= DATA SHOWN =

+++++

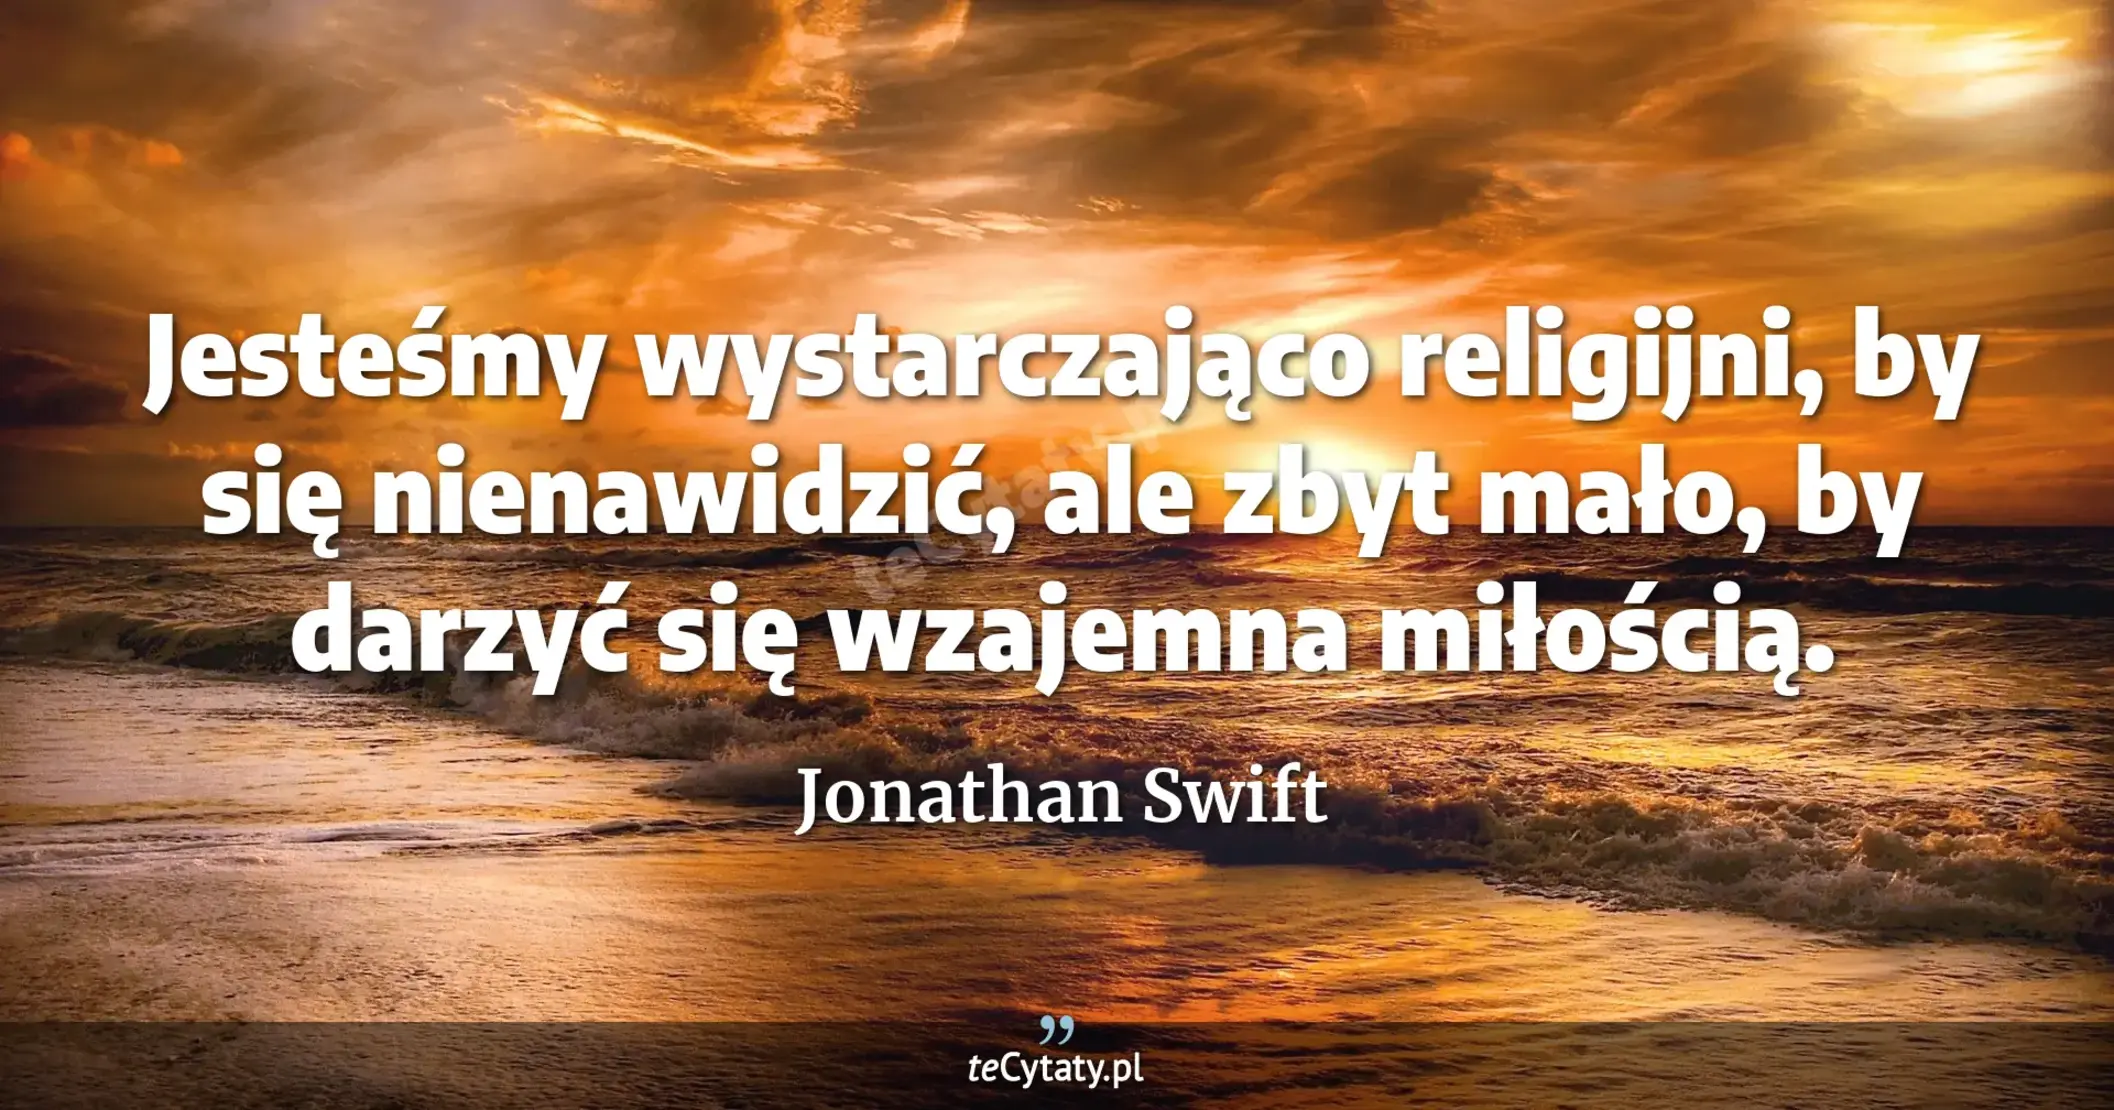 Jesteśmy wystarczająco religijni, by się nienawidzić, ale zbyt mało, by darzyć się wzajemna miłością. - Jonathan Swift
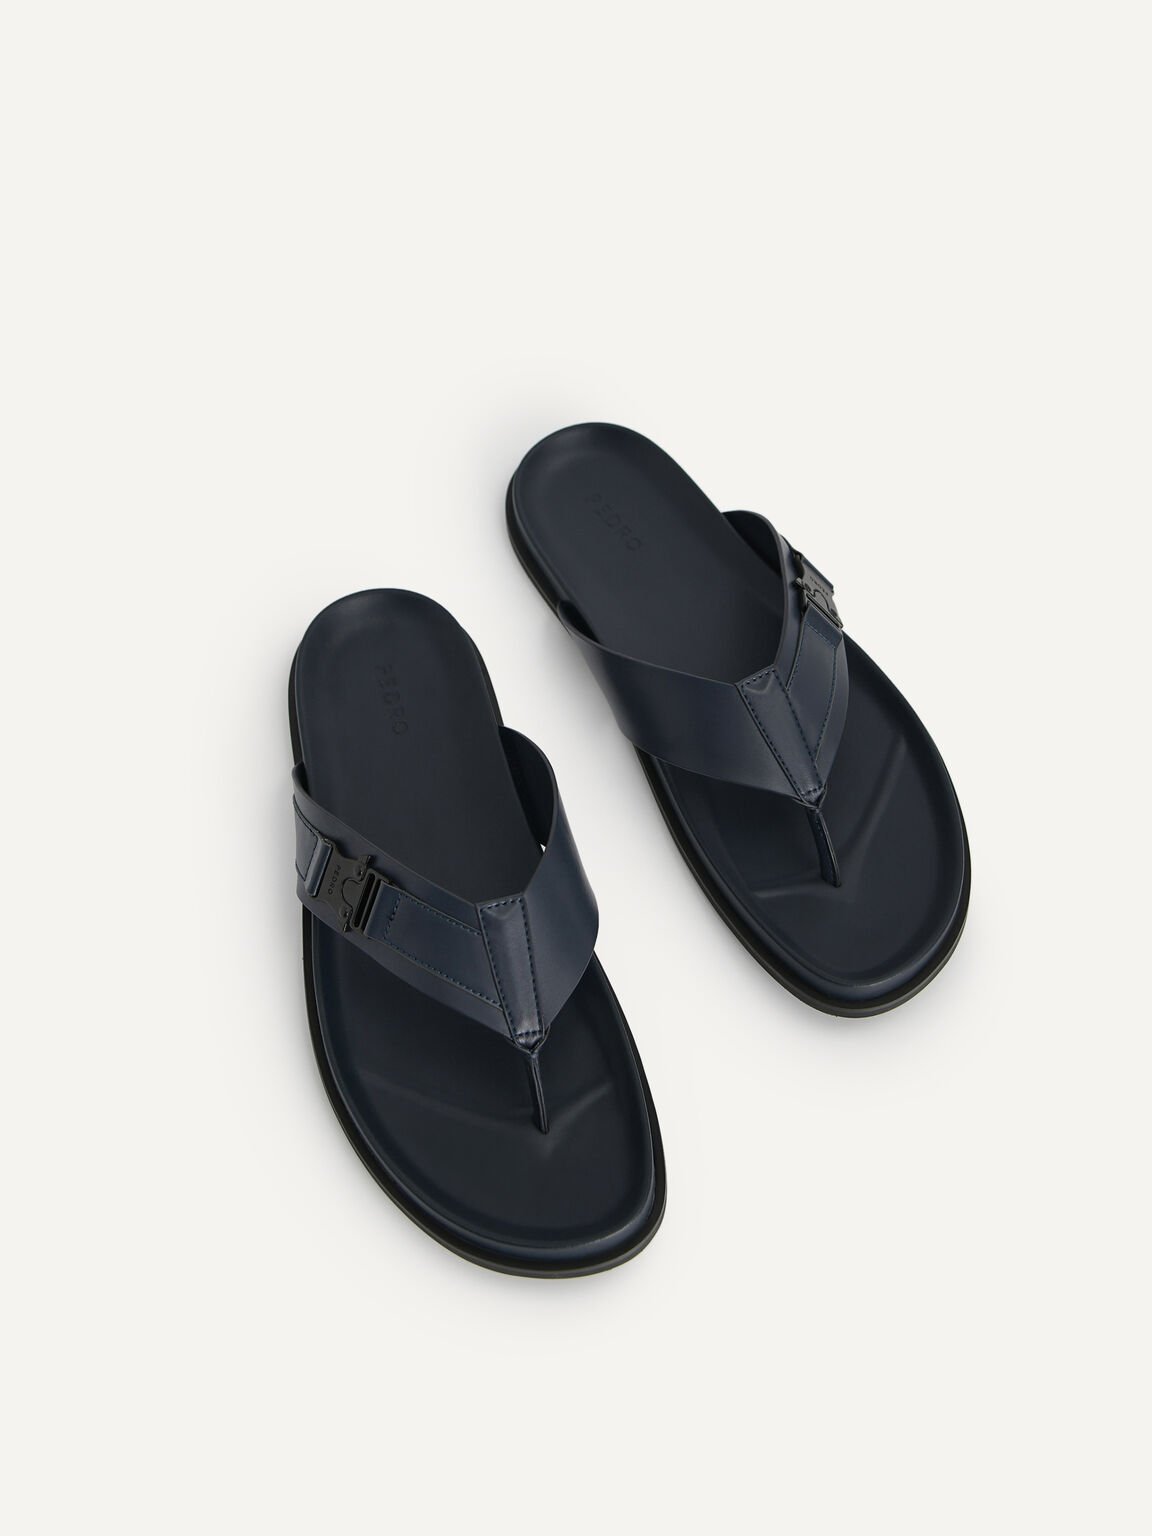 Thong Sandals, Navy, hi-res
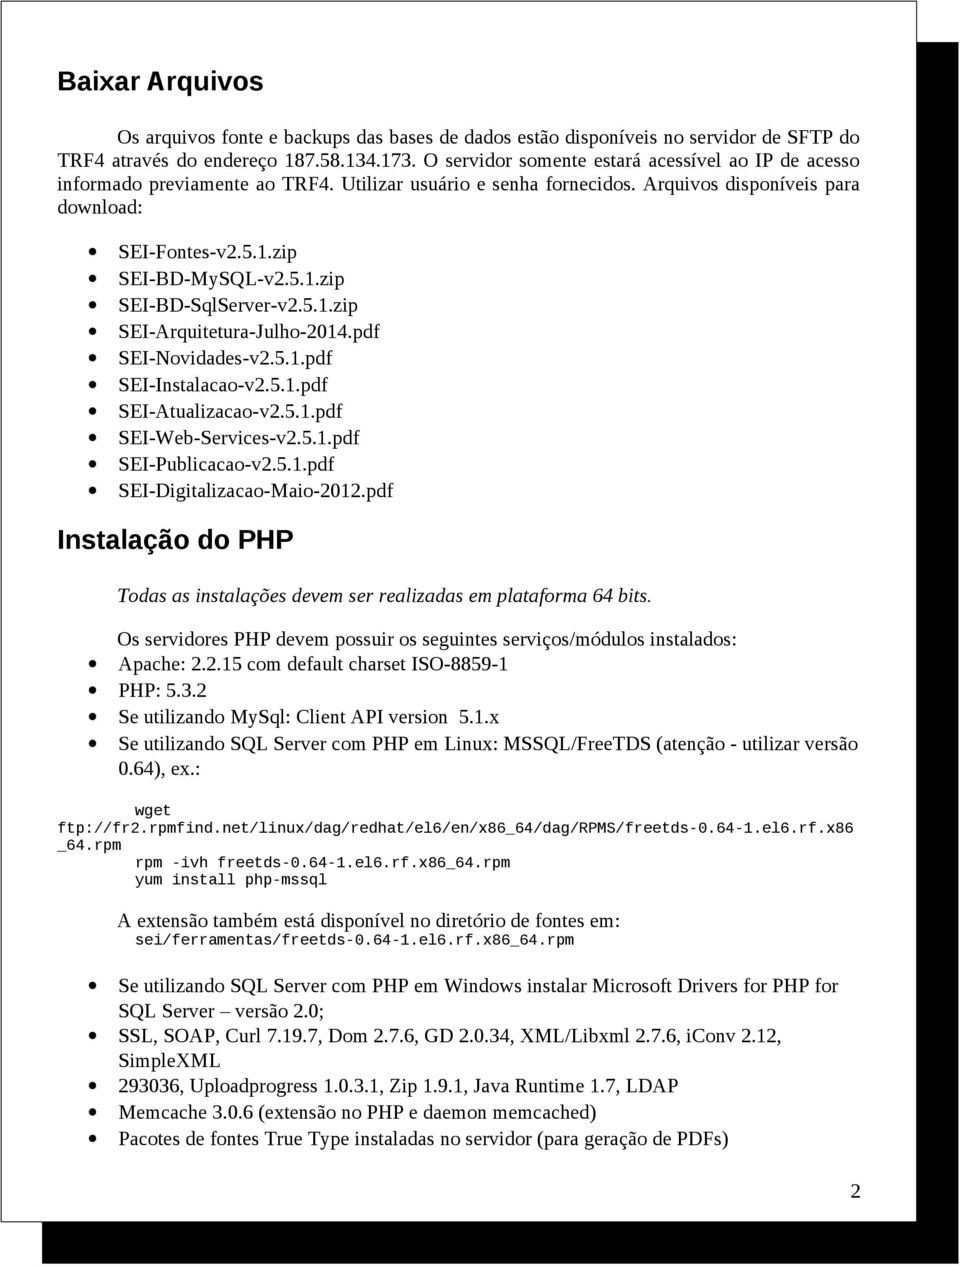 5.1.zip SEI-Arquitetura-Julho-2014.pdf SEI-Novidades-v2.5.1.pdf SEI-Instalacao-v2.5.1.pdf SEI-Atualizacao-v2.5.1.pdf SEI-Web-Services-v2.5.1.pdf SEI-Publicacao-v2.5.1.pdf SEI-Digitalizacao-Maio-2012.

+++++

= WHAT IS BEING ASKED =
Start at the first line and set down all of the data exactly, passing over the pictures.

= ANSWER BOX =
 Jesteśmy wystarczająco religijni, by się nienawidzić, ale zbyt mało, by darzyć się wzajemna miłością. - Jonathan Swift
 Thong Sandals, Navy, hi-res
 5.1.zip SEI-Arquitetura-Julho-2014.pdf SEI-Novidades-v2.5.1.pdf SEI-Instalacao-v2.5.1.pdf SEI-Atualizacao-v2.5.1.pdf SEI-Web-Services-v2.5.1.pdf SEI-Publicacao-v2.5.1.pdf SEI-Digitalizacao-Maio-2012.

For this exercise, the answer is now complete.